Trade negotiations and the triple trouble for health and the NHS

by Meri Koivusalo

Boris Johnson promises if he becomes Prime Minister next week he’ll fly out at the earliest opportunity to seal a “trade deal” with the United States. President Trump and other representatives of the United States have openly stated that NHS would be on the negotiation table in a UK/US deal, with Trump’s apparent hasty backtracking doing little to reassure. After over 160.000 signatures to the parliamentary petition to safeguard NHS in trade negotiations, the UK Parliament will debate the issue on 22nd of July (a parallel petition on Change.org has over half a million signatures). The government has provided a written answer to the parliamentary petition, which seeks to calm concerns, but in fact their answer brings up perhaps more worrying insights on how the government approaches the NHS as part of trade negotiations.

“Calm down dear”

The government claims it will not sell NHS to outsiders, and that trade agreements cannot change the fundamental fact that NHS will be based on universal services free at the point of need. This sounds reassuring, but it does not in fact answer the request to keep the NHS out of negotiations. Trade agreements can affect how NHS services can be provided even when they would not directly affect the fundamental guiding principles. Decisions on how to run public services will always be taken by UK Government and not by its trade partners, but these decisions may need to be compliant in future with what the UK government has agreed to in trade agreements.

Public services are on the negotiation table

In most new trade agreements public services are on the negotiation table on one way or another. This can be through public procurement obligations or in relation to negotiations on services, investment and investment protection. Governments define the limits of how and what is put on the table. There are two approaches in trade deals on services – “positive listing”, where governments can explicitly decide which services to include under the trade agreement, and “negative listing”, where they have to rely on specific exceptions and protections from more generally binding obligations extending to all services. United States negotiation objectives clearly set out their desire for negative listing: “Where any exceptions from core disciplines are needed, the negotiation, on a negative list basis, of the narrowest possible exceptions with the least possible impact on U.S. firms”.

Lack of specific concern for health and social services

The reply by the UK government emphasises the right to regulate in the public interest and protect public services generally under broader framework of public services. However, in practice European Union Member States and the European Commission have had, in addition to general public services clauses, specific sectoral exceptions for health services which receive any public funding. This provides a broader exclusion of health services from negotiations, compared to just a generic focus on public services. But in talks of a US/UK deal, this distinction for health services is now lacking. If the NHS is considered just as any other public service, it will have less protection under such trade arrangements, compared to current EU trade agreements.

Public services “protections” usually refer to the World Trade Organisation (WTO) General Agreement on Trade in Services (GATS) governmental services exception clause. This clause requires that to be exempt, a service must be supplied neither on a commercial basis, nor in competition with one or more service suppliers. However, this is not sufficient for NHS as these days, most health services provision is, or could be, in competition with private services providers. As Amedeo Arena has pointed out in the Journal of World Trade: “if governmental services under Article I:3(b) GATS are identified exclusively by reference to the two negative criteria in Article I:3(c) GATS, virtually all public services could be subject to the GATS, thus making the exemption meaningless”.

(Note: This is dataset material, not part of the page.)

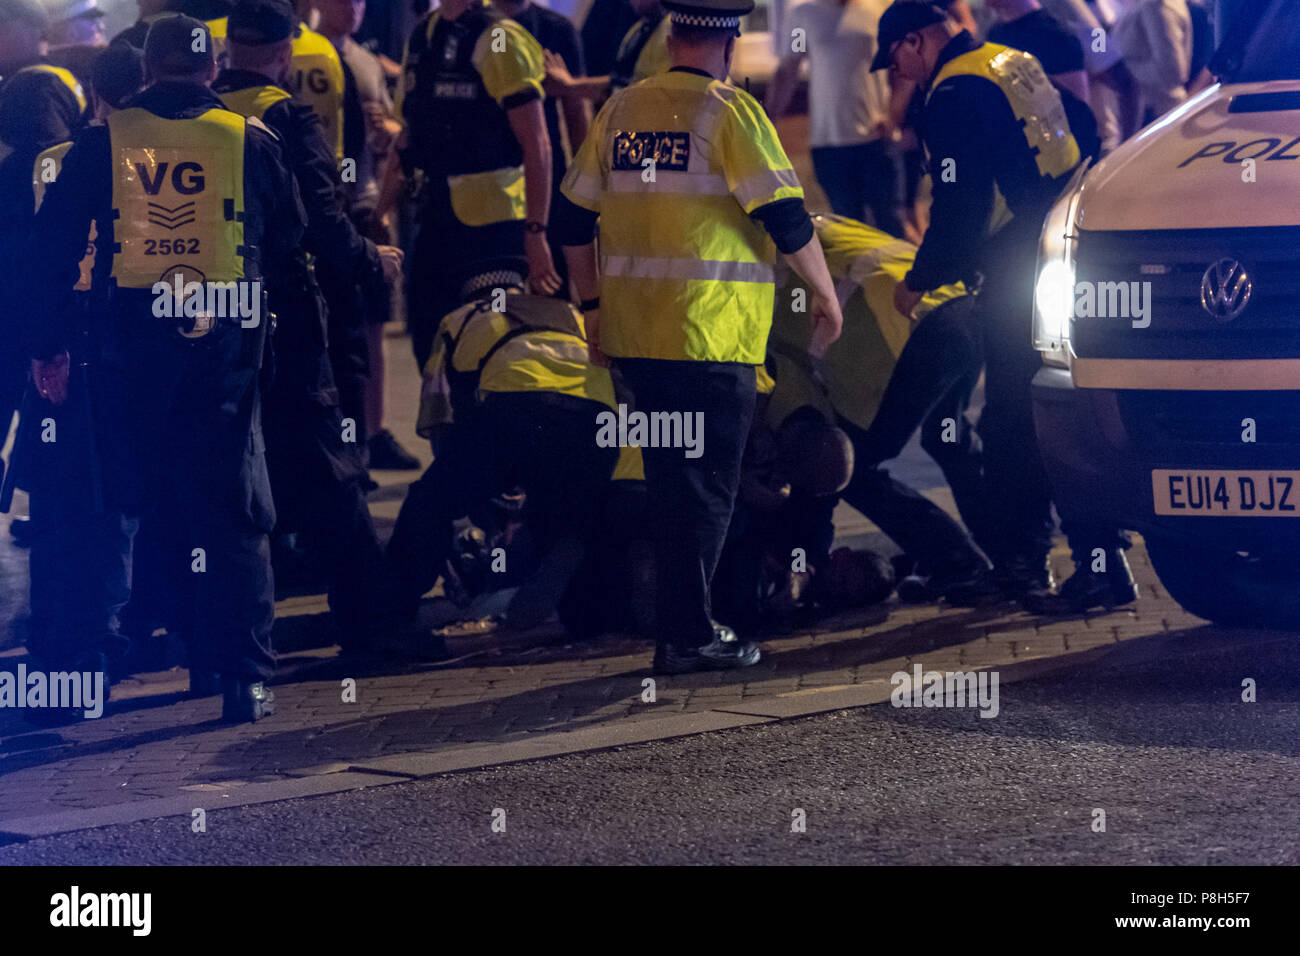 Brentwood Essex11th June 2018 Approximately fifty police officers deployed in Brentwood Essex  following England losing against Croatia.  Fans tears turned to disorder and Essex police had to clear fans down the entire length of the High Street.  One small group of fans challenged the police and arrests were made. Credit Ian Davidson/Alamy Live News Stock Photo

Relying too much on these kind of general public services “protections” in trade agreements can result in a false sense of security. It can result in the loss of policy space and governments’ freedom to regulate and intervene in the interests of the public, citizen health, health services and the broader public interest, without the danger of claims or pressure from other governments or corporations challenging their actions on the grounds that they breach obligations arising from trade agreements. The scope to regulate can be further affected by negotiations on regulatory principles, investment and technical barriers to trade.

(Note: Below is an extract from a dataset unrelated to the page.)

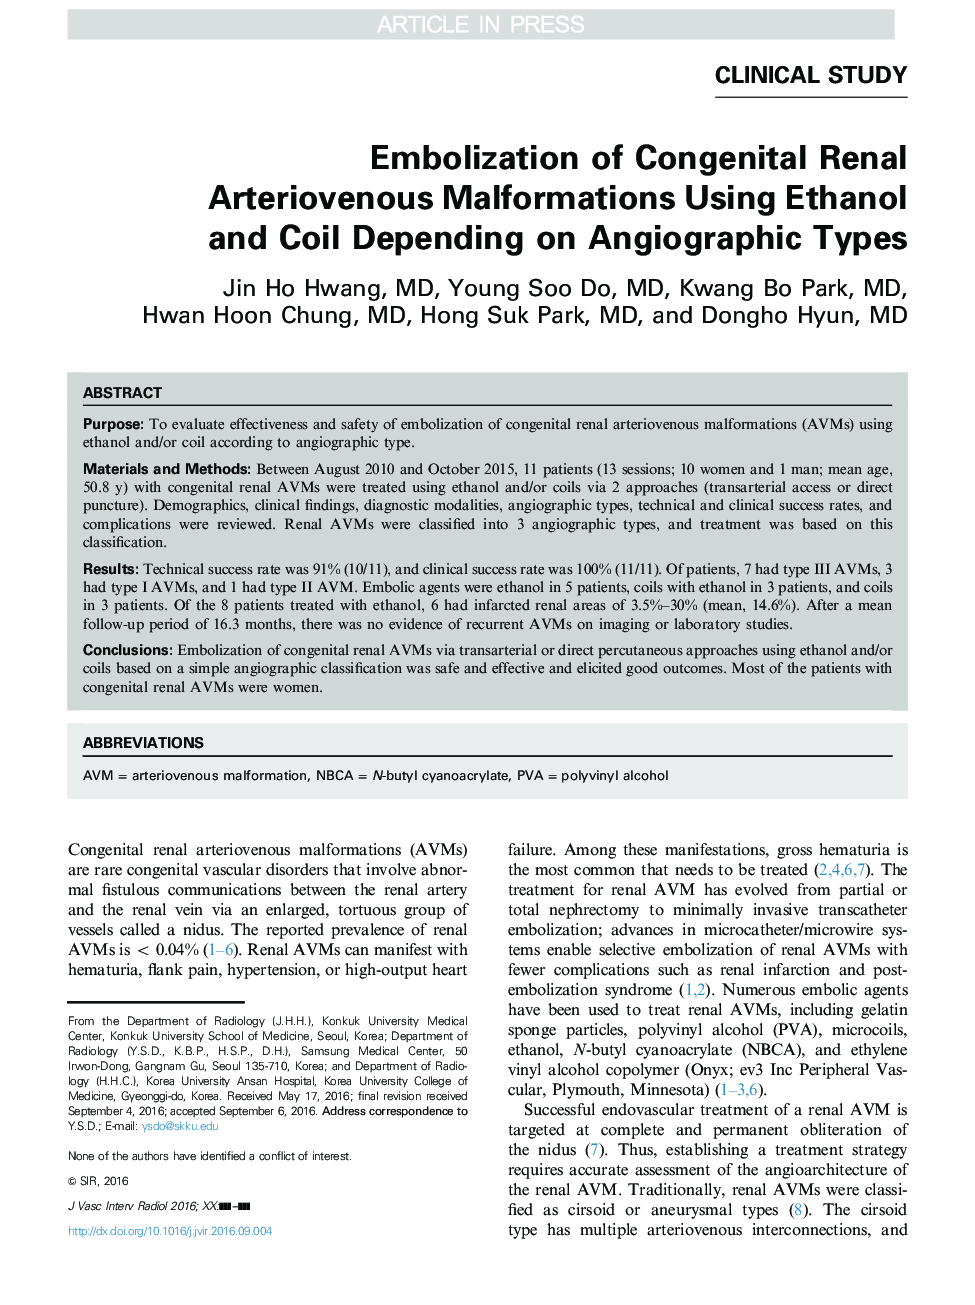 Embolization of Congenital Renal Arteriovenous Malformations Using Ethanol and Coil Depending on Angiographic Types

From goods to services – and why the right to regulate is not enough

The question of the ‘right to regulate’ has become more important in trade agreements, as negotiations have moved from tariffs and goods to services and regulatory cooperation, as we saw with the earlier negotiations towards a EU/US Transatlantic Trade and Investment Partnership (TTIP). The US negotiating objectives for US/UK negotiations in many areas reflect those of that now stalled deal. Trade agreements do often contain big declarations on the ‘right to regulate’ – but crucially, the big problem is that these reside in aspirational, introductory parts of the text, not in the binding clauses of the actual agreement. Right to regulate clauses can also be limited by requirements of compliance with other provisions of the negotiated agreement (empty promise), include requirements of additional hoops (e.g. that they are “necessary” or “scientific evidence-based”) or emphasize merely the aim of the regulation, when the real issue is how governments can regulate.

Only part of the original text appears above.